Soviet art historian

Boris Efimovich Groys (born 19 March 1947) is an art critic, media theorist, and philosopher. He is currently a global distinguished professor of Russian and Slavic studies at New York University and senior research fellow at the Karlsruhe University of Arts and Design in Karlsruhe, Germany. He has been a professor of aesthetics, art history, and media theory at the Karlsruhe University of Arts and Design/Center for Art and Media in Karlsruhe and an internationally acclaimed professor at a number of universities in the United States and Europe, including the University of Pennsylvania, the University of Southern California and the Courtauld Institute of Art London.

==Biography==

Groys was born to Russian parents in the Soviet sector of Berlin, which became the capital of East Germany. He attended high school in Leningrad (known since 1991 as St. Petersburg) and from 1965–1971 studied mathematical logic at the University of Leningrad, subsequently working as a research fellow at various scientific institutes in Leningrad. From 1976-1981 he served as a research fellow at the Institute of Structural and Applied Linguistics at the University of Moscow. In 1981 he emigrated from the USSR to the Federal Republic of Germany, where he pursued various scholarships. He earned a Ph.D. in philosophy at the University of Münster, Germany.

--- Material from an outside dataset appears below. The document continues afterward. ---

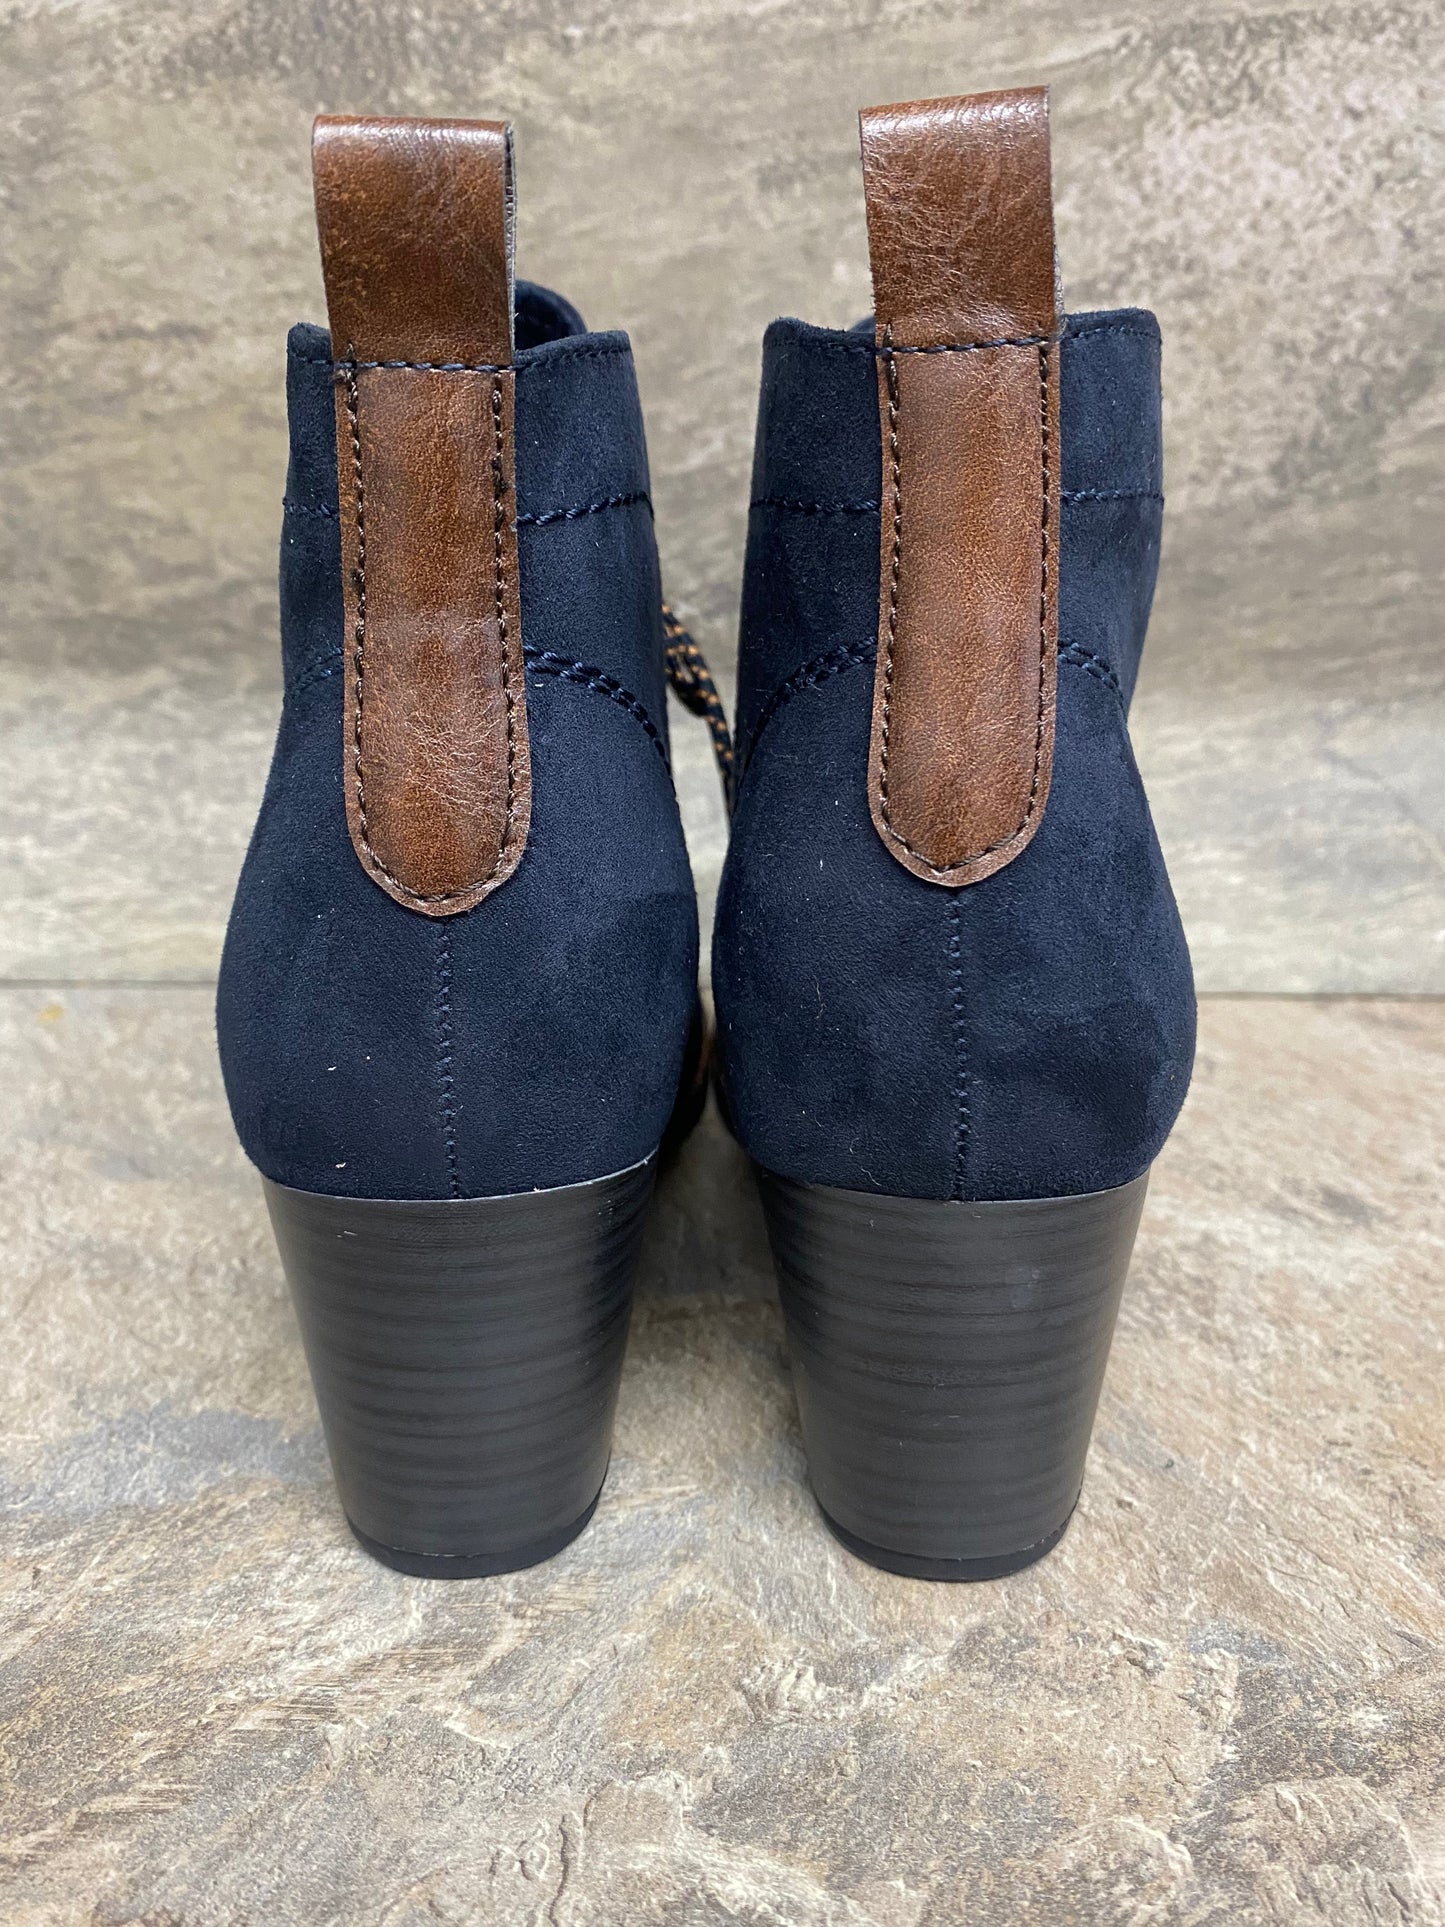 Marco Tozzi navy heeled lace up boot sizes 4-9

During his time in the Soviet Union, Groys participated in the unofficial cultural scenes of Moscow and Leningrad, publishing in 37, Chasy, and other samizdat magazines. In 1979 he published the essay “Moscow Romantic Conceptualism” in the art magazine A-YA, in which he coined the term applied to the art movement “Moscow Conceptualism.”

Groys is a pioneering theorist in reflection on socialist art and postmodern art, without evaluating either. Western thinkers such as Clement Greenberg had criticized socialist art, especially socialist realism, for being mass art and made it an aesthetic taboo. Groys re-evaluated socialist art production, challenging the norms of aesthetics by pushing a thesis based on Walter Benjamin in the very interpretation of politics, claiming that modernism had survived in the "total artwork" (Gesamtkunstwerk) of Stalinism. This thesis is charged with having pushed a new generation of thinkers into re-evaluating the Socialist aesthetic heritage (among others Miško Šuvaković, Marina Gržinić, and Ana Peraica) recognized as the discourse of post-socialist art.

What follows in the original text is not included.